▶ **Listed entries**:
______
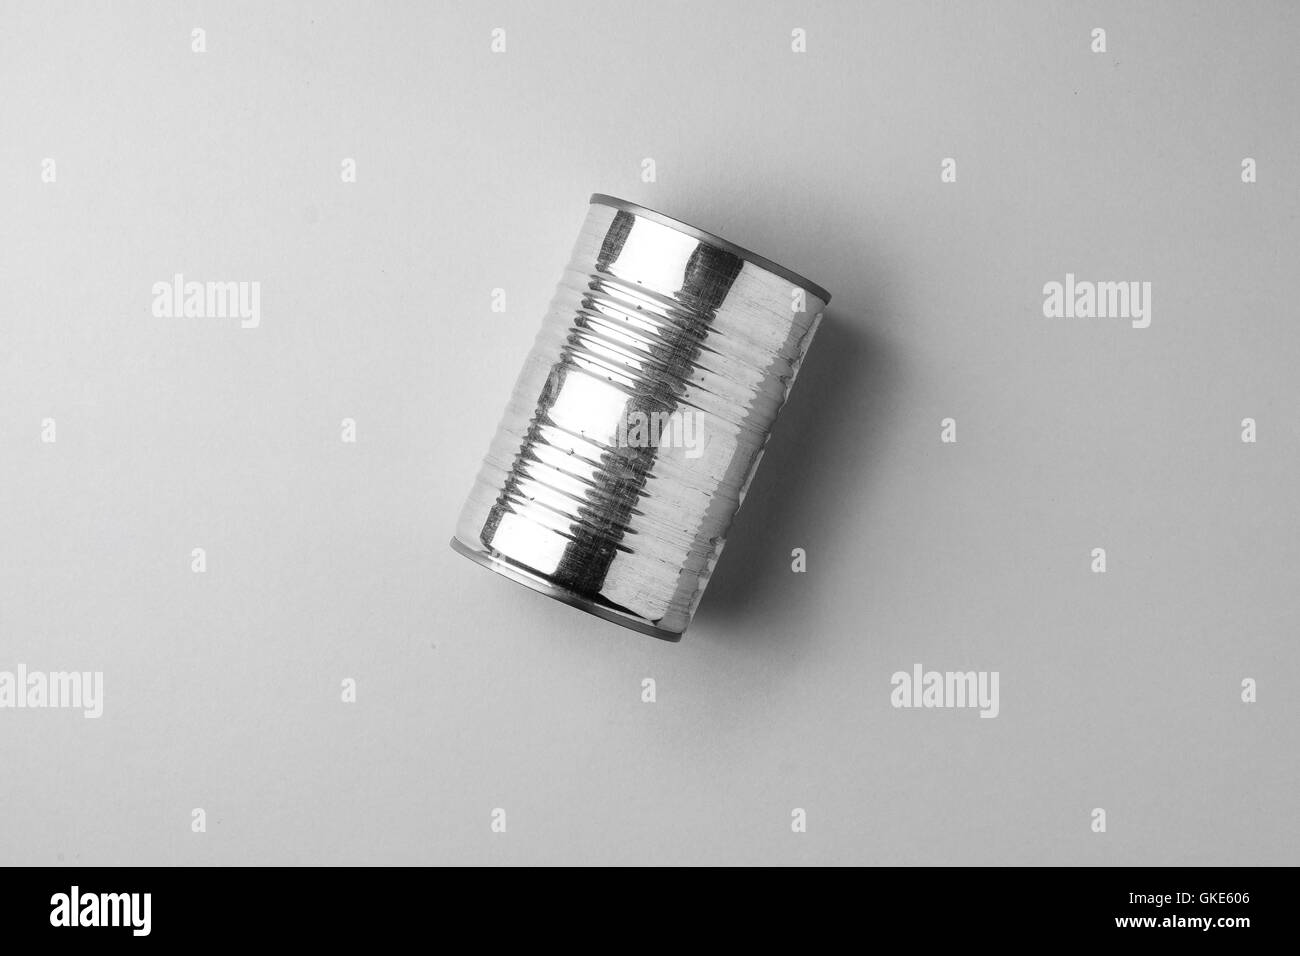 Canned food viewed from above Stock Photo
______
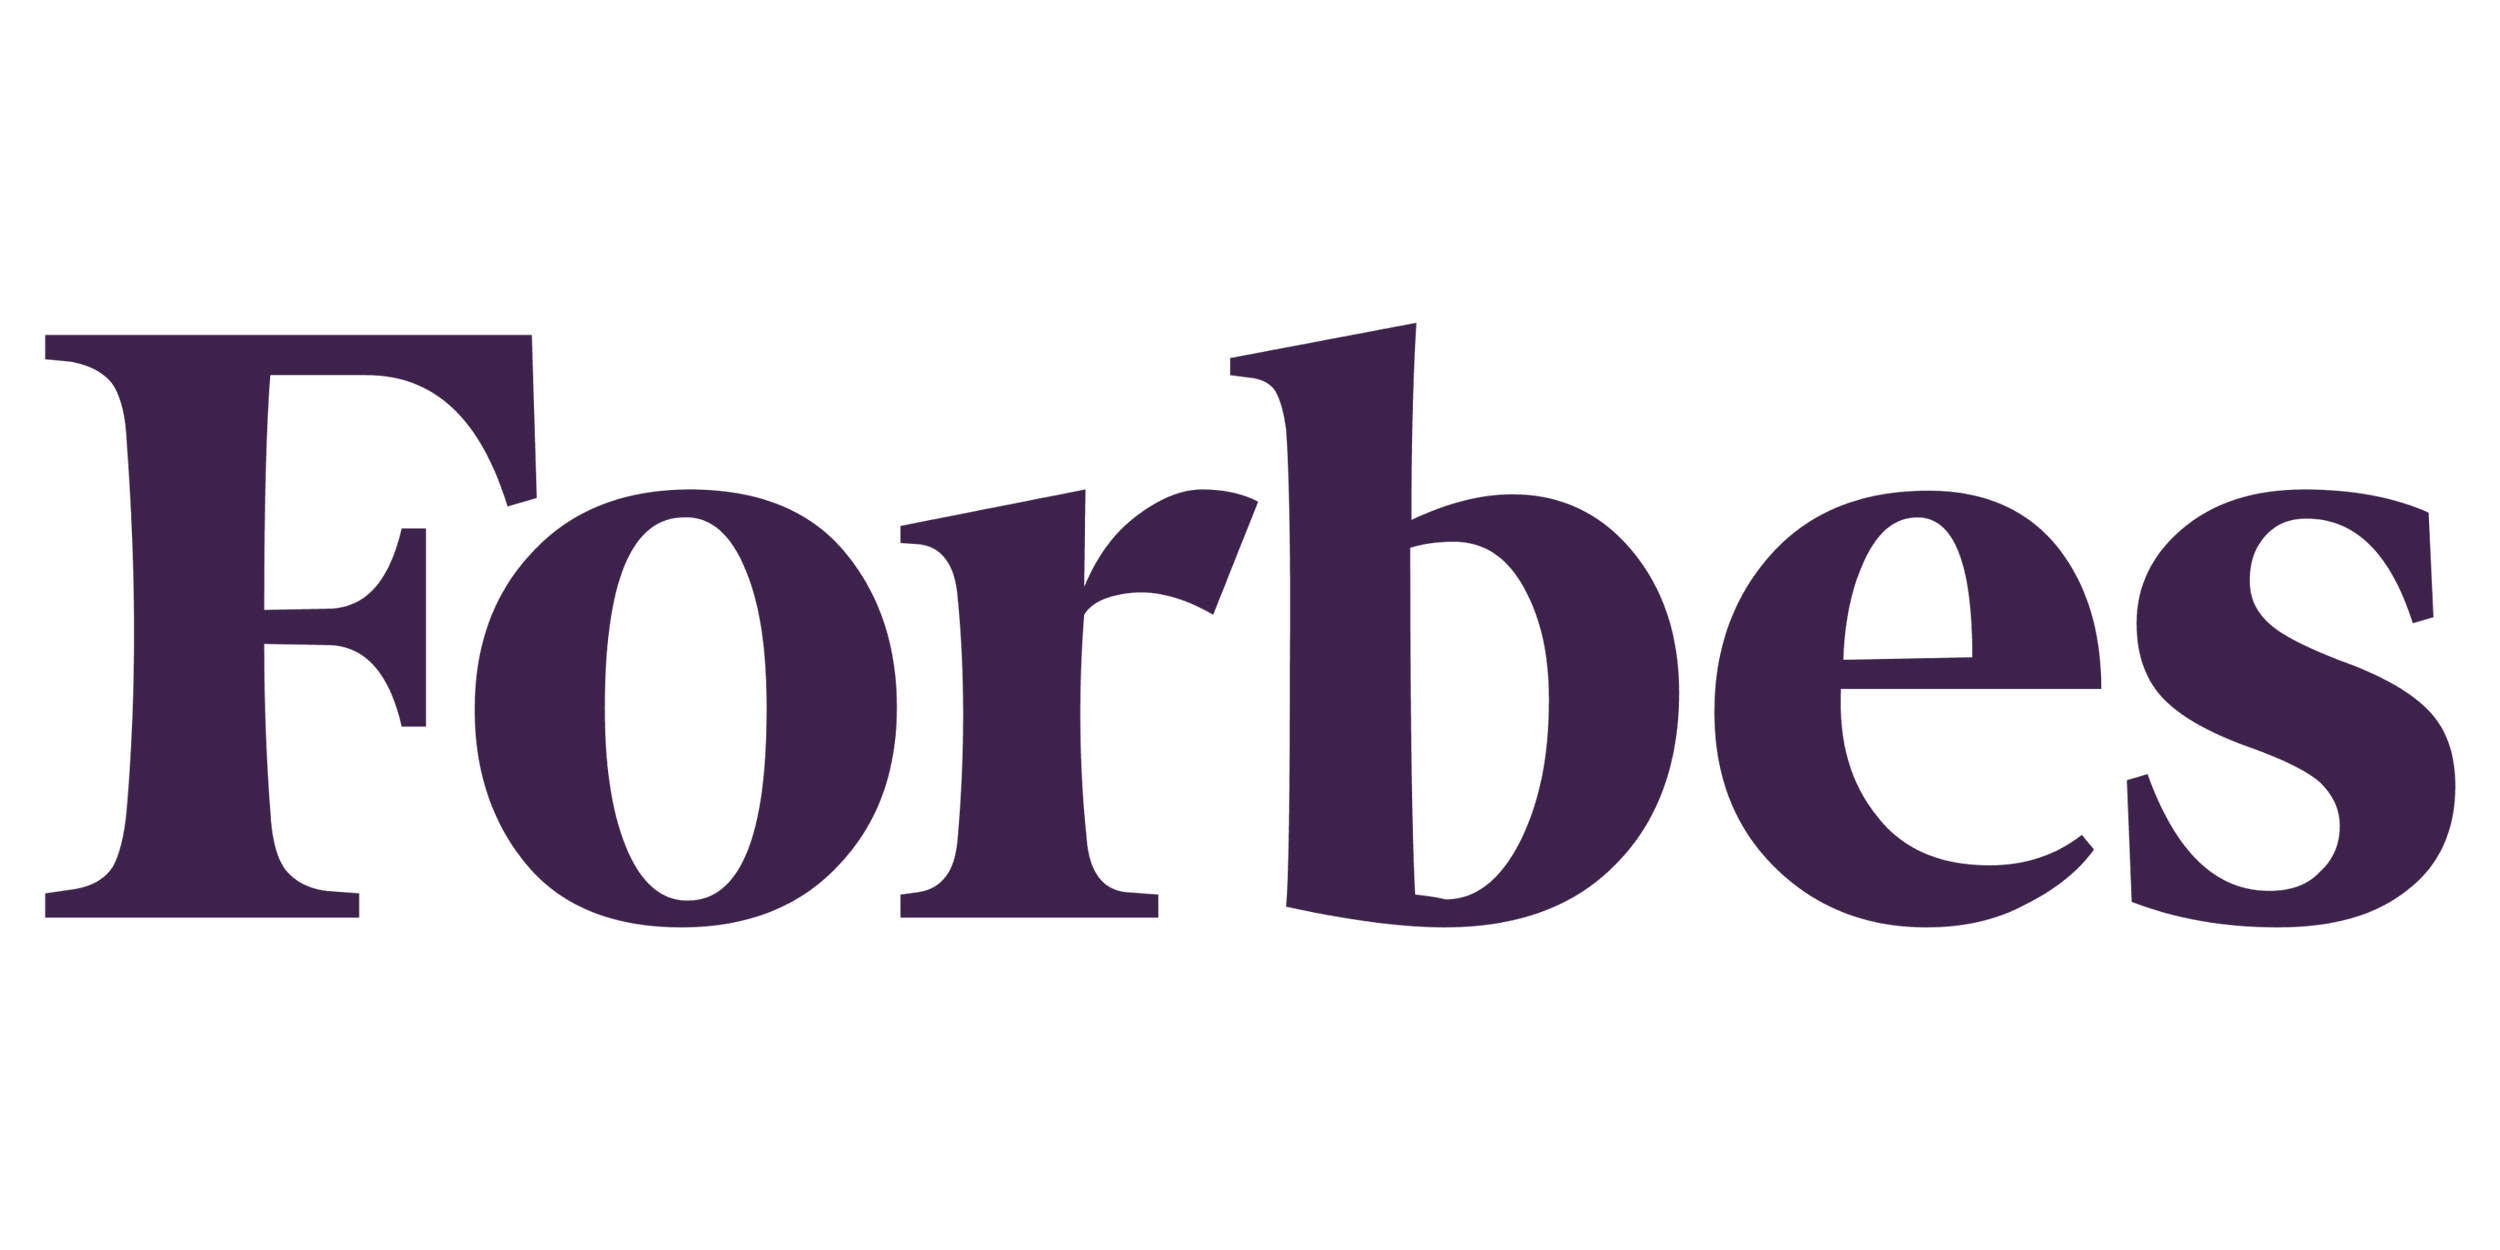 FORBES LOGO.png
______
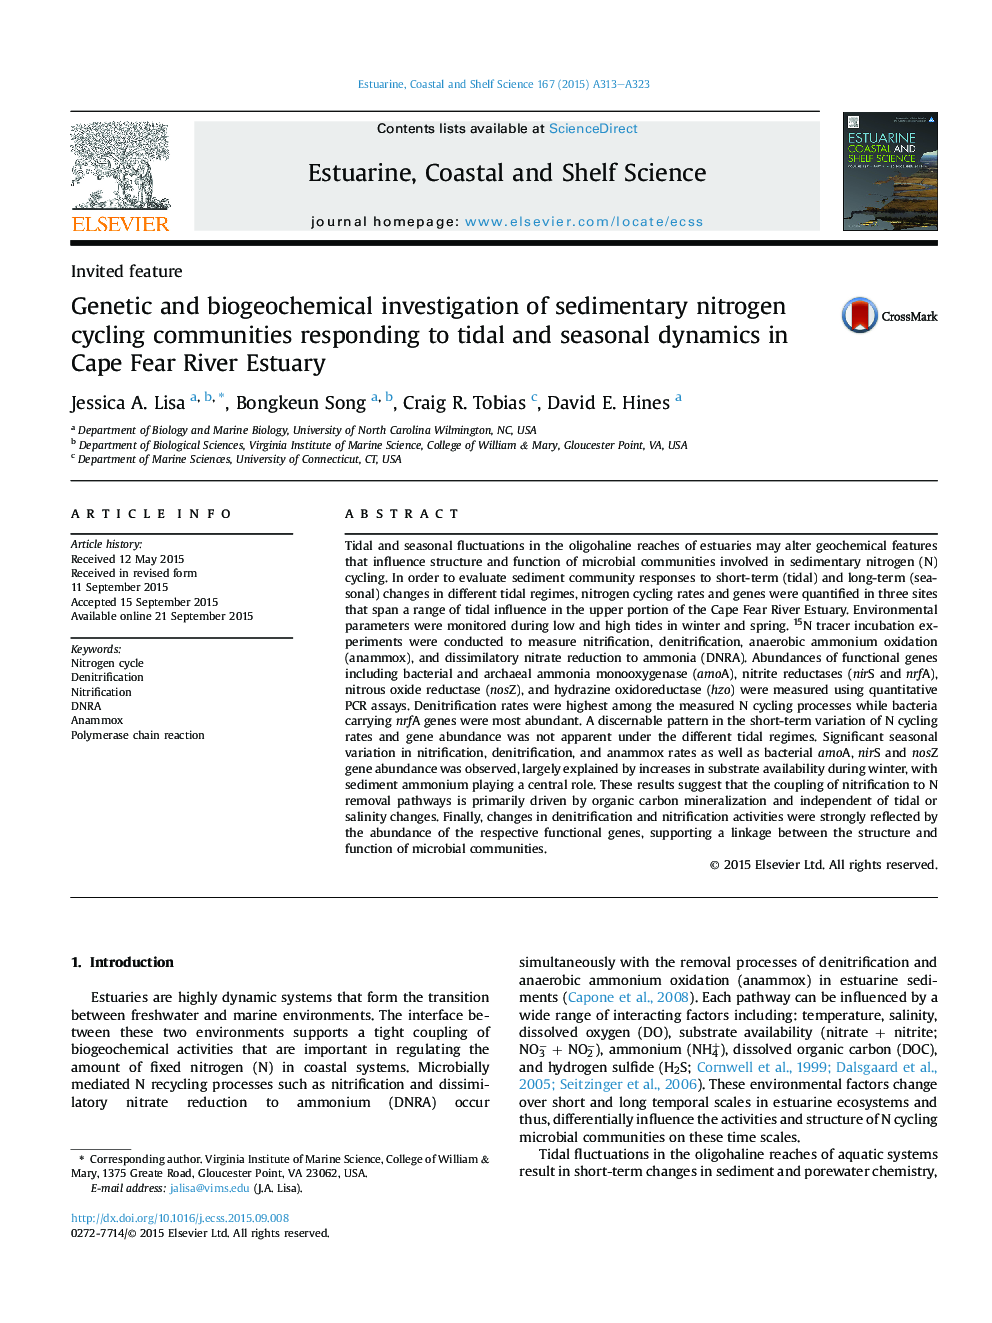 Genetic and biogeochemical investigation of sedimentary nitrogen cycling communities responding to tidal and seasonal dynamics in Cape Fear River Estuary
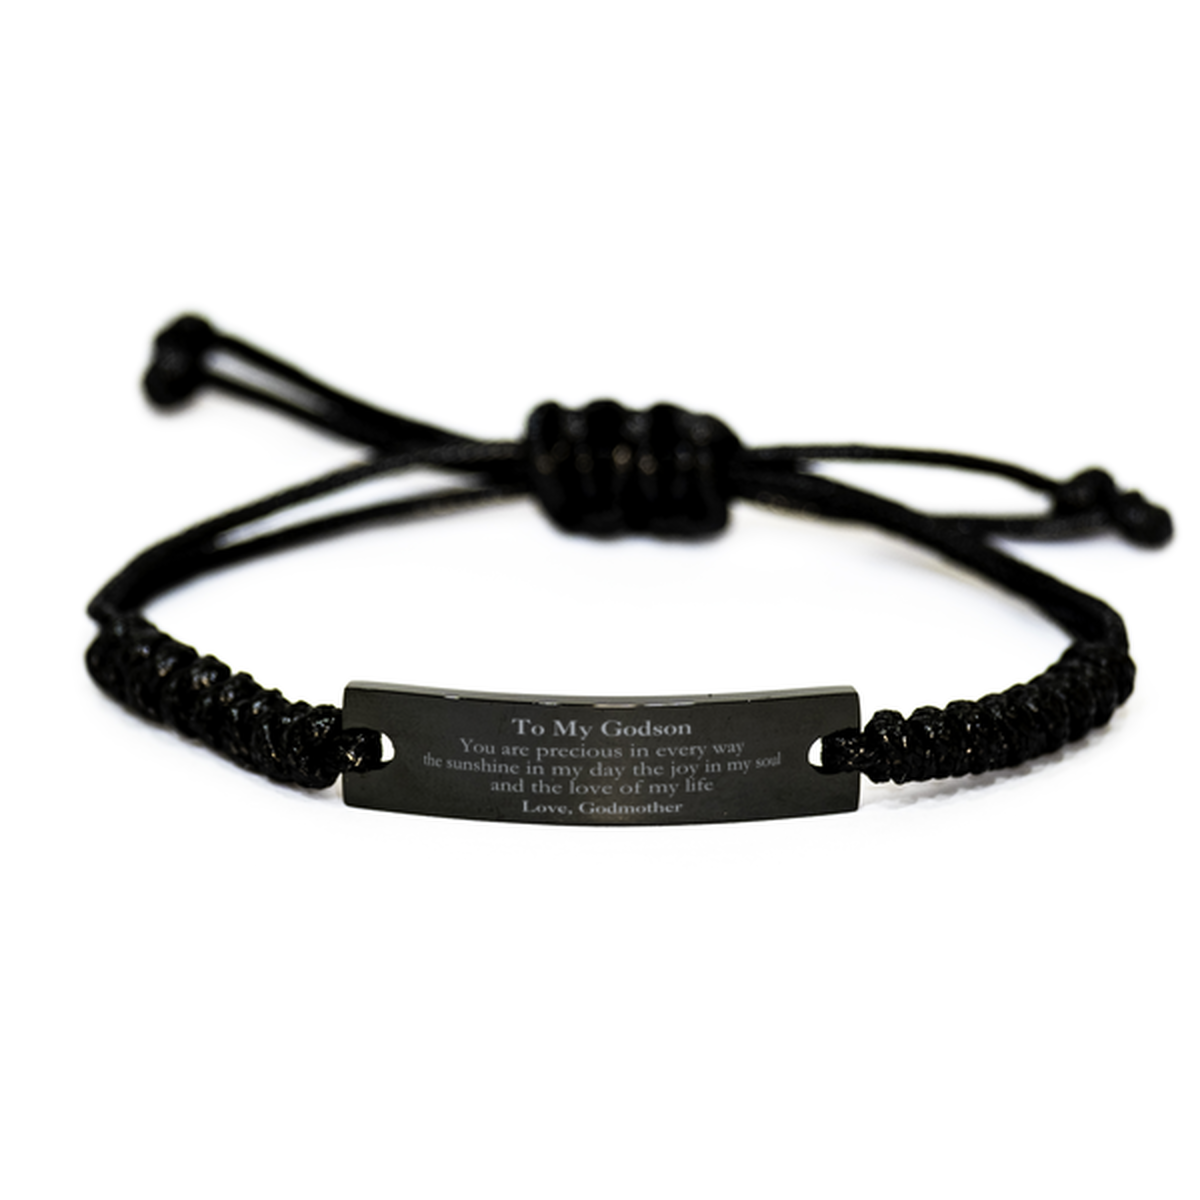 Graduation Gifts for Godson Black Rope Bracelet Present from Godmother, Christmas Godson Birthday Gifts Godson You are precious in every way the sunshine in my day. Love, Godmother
______
Both boundary lines included, write out word for word only the lines above from the one containing "Genetic and biogeochemical" to the one containing "Graduation Gifts for", leaving out any pictures.

▶ **Solution to the exercise**:
 Genetic and biogeochemical investigation of sedimentary nitrogen cycling communities responding to tidal and seasonal dynamics in Cape Fear River Estuary
 Graduation Gifts for Godson Black Rope Bracelet Present from Godmother, Christmas Godson Birthday Gifts Godson You are precious in every way the sunshine in my day. Love, Godmother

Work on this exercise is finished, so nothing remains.